Except for Bill down below, he was the only person here.

He went into the men's room, piled one suitcase on the other, and sat down on them. Then he took the laptop out of its case. He plugged the VR mask into its jack, then turned on the computer. As soon as it came up, he put on the mask. The world went black, then neutral gray, then neutral… neutral: no color at all, just virtual reality waiting to be made real.

It all took too long. He wished he could do this back at his desk, with an industrial-strength machine. But he didn't dare take the chance. This building had been here nineteen years ago. This men's room had been here nineteen years ago. He'd done his homework as well as he could. But his homework hadn't been able to tell him where the goddamn cubicle partitions were back before the turn of the century.

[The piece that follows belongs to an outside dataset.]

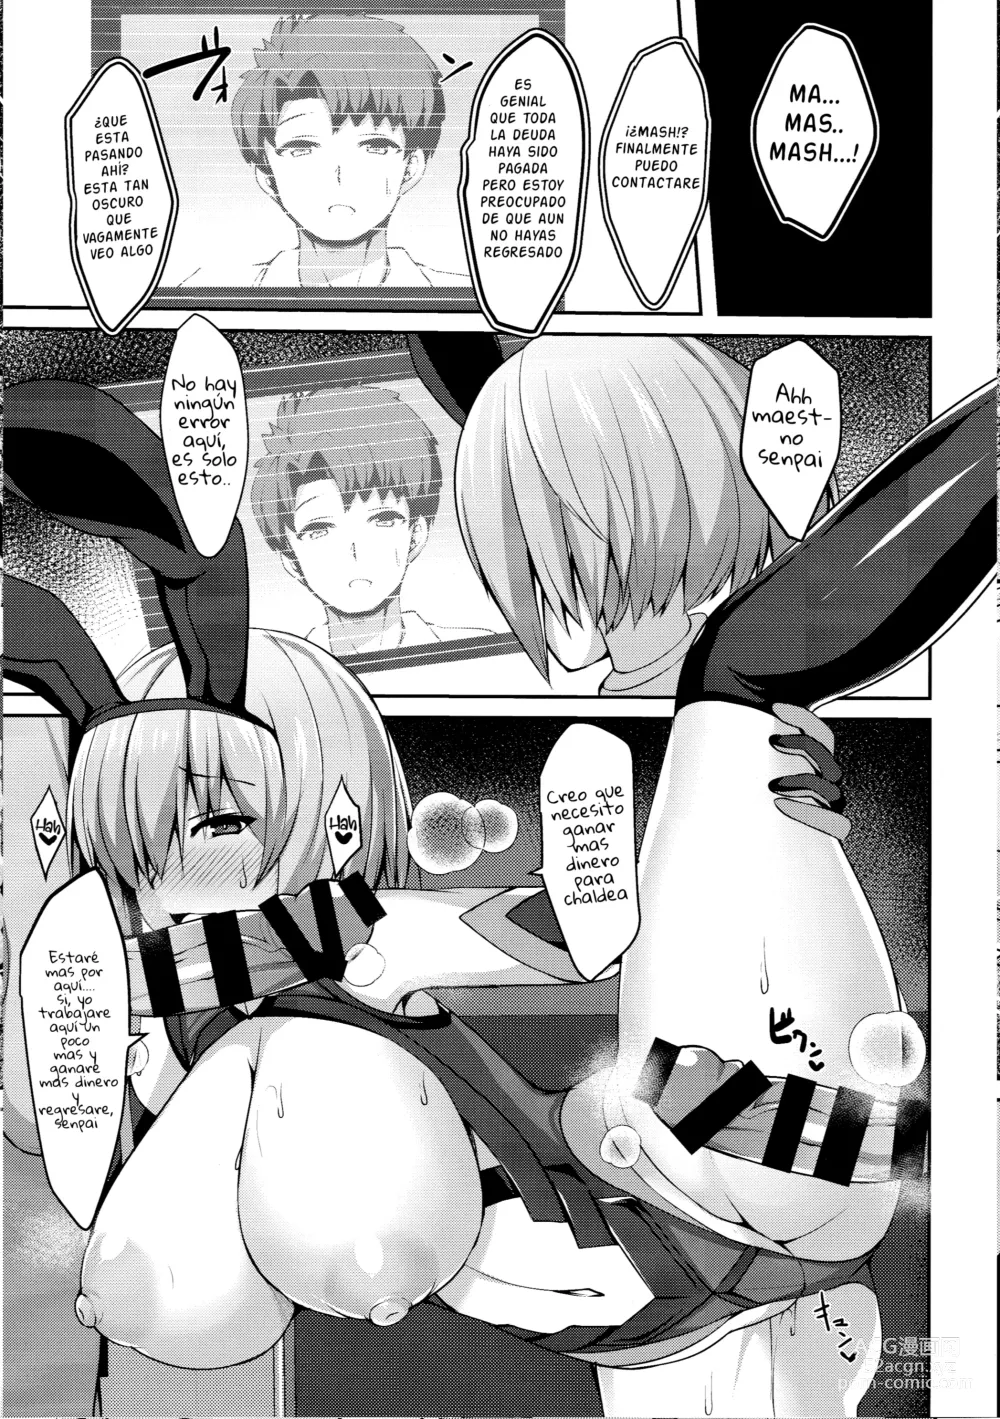 Page 18 of doujinshi Sexo en el casino con mash para pagar su deuda

And so… the john. He took a deep breath. "Run program superstrings-slash-virtual reality-slash-not so virtual," he said.

The PowerBook quivered, ever so slightly, on his lap. His heart thudded. Talk about your moments of truth.

Either he was as smart as he thought he was, or Garth or Sean or somebody would breeze in and ask, "Justin, what the hell are you doing?"

A string in space-time connected this place now to its earlier self, itself in 1999. As far as Justin knew, nobody but him had thought of accessing that string, of sliding along it, with VR technology. When the simulation was good enough, it became the reality-for a while, anyhow. That was what the math said. He thought he'd done a good enough job here.

And if he had… oh, if he had! He knew a hell of a lot more now, at forty, than he had when he was twenty-one. If he-now could be back with Megan for a while instead of his younger self, he could make things right. He could make things last. He knew it. He had to, if he ever wanted to be happy again.